In the Washington Post, Sebastian Mallaby ponders whether world trade rules should limit the ability of countries to promote exports by keeping their currencies undervalued and Robert Samuelson looks at the unique role of the US dollar. The Economist argues that our fixation on China is misdirected.

A quick refresher on the relevant economics: A country's net exports are the difference between its national savings and investment - the large US trade deficit implies that national saving insufficient to finance domestic investment, while China and the oil exporters are saving more than they are investing domestically. Their "excess" saving flows to finance US investment. The surplus countries receive financial I.O.U.s (Treasury Bonds, Stocks, etc...) in return for the goods they send us.
If a government is intervening to keep its currency "undervalued" relative to its market equilibrium price there will be excess demand. The government sells its currency to meet the excess demand, thereby accumulating reserves (e.g. China is depressing the value of the Yuan by selling it cheaply for dollars, in doing so it is piling up a massive hoard of dollars). In the short run, a cheaper currency may increase exports by making them less expensive to foreigners.

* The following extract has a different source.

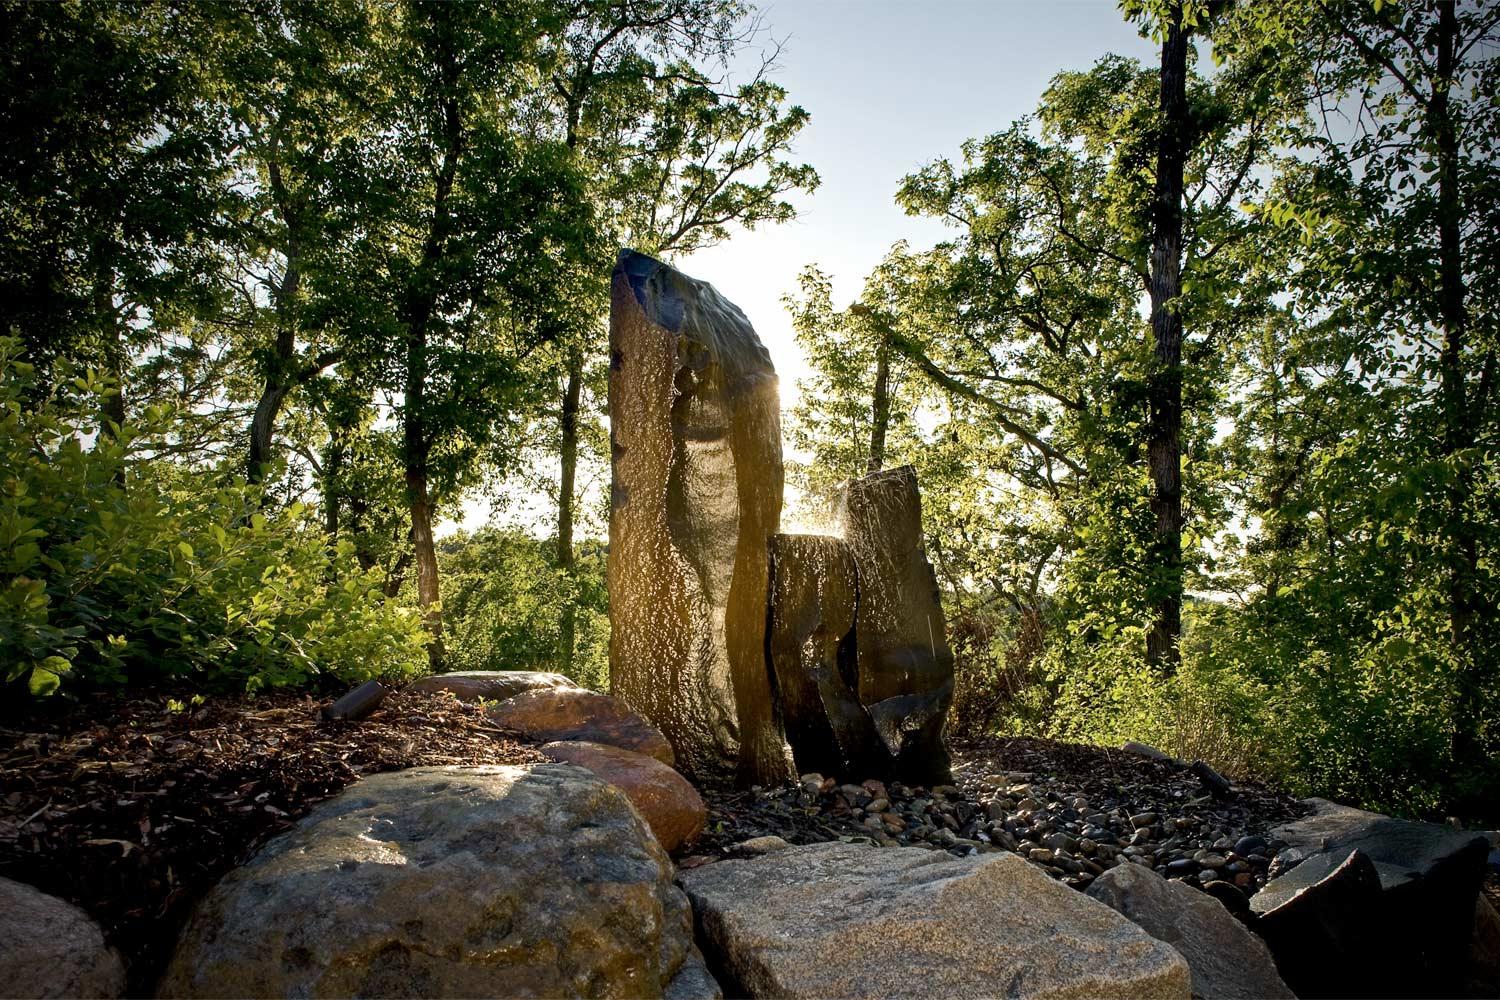 Three stone pillars make an organic, natural water feature
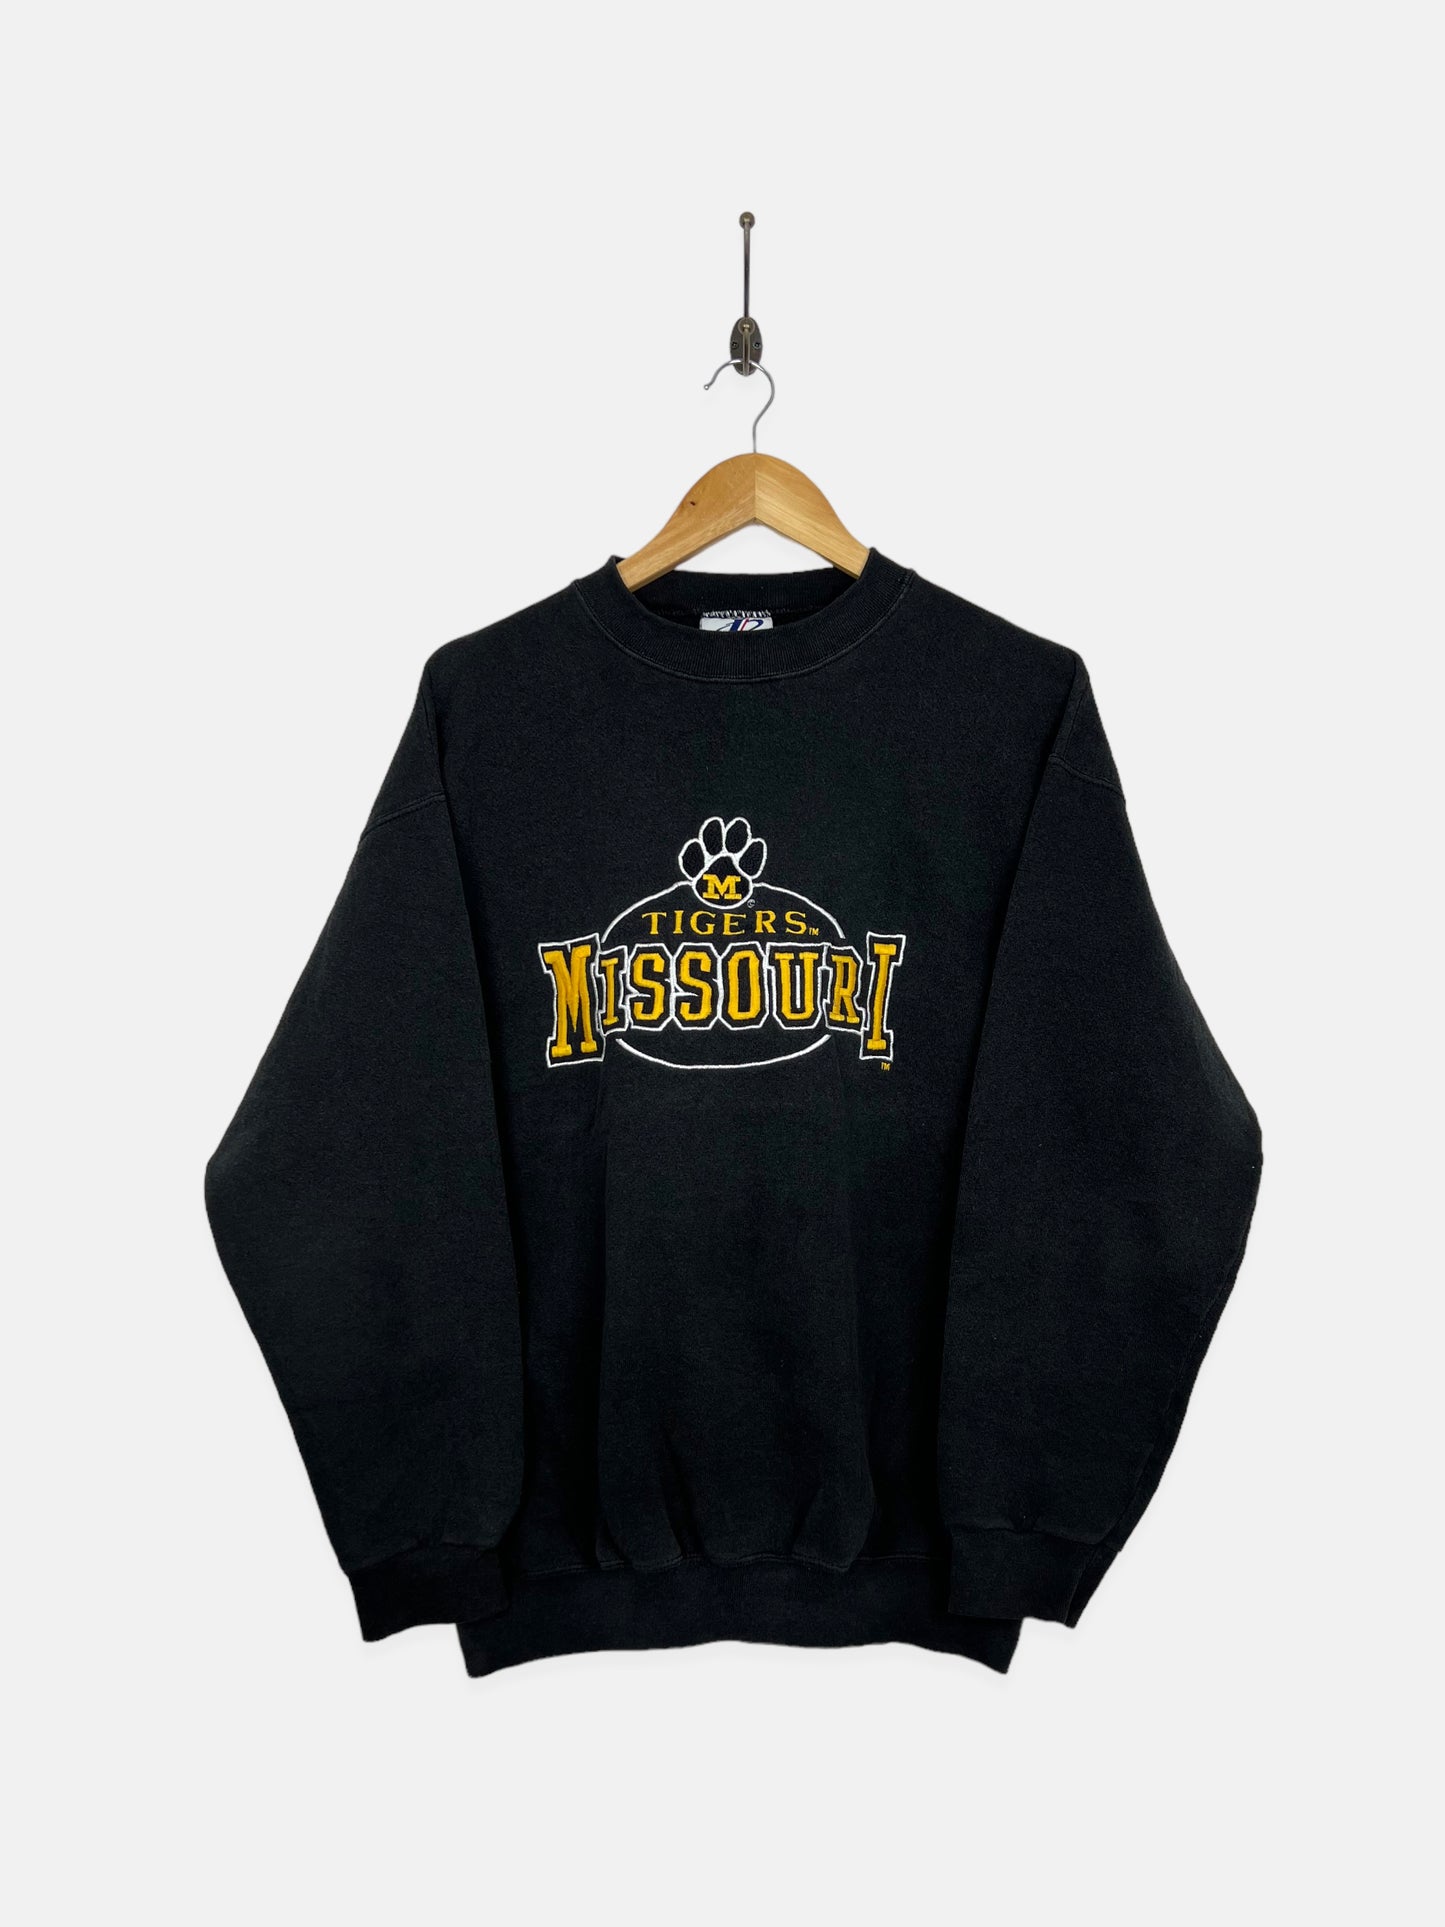 90's Missouri Tigers Embroidered Vintage Sweatshirt Size M

Do demand curves slope up or do colleges price discriminate?

I opt for the latter conclusion, but this NY Times article at first suggests the former. (hat tip to Jared Barton)

Friday, December 01, 2006

What do economists believe?

Greg Mankiw reports on a recent survey of economists.

Friedman v. Keynes

Brad Delong compares and contrasts the views of Friedman and Keynes; and frames questions that still fire debate.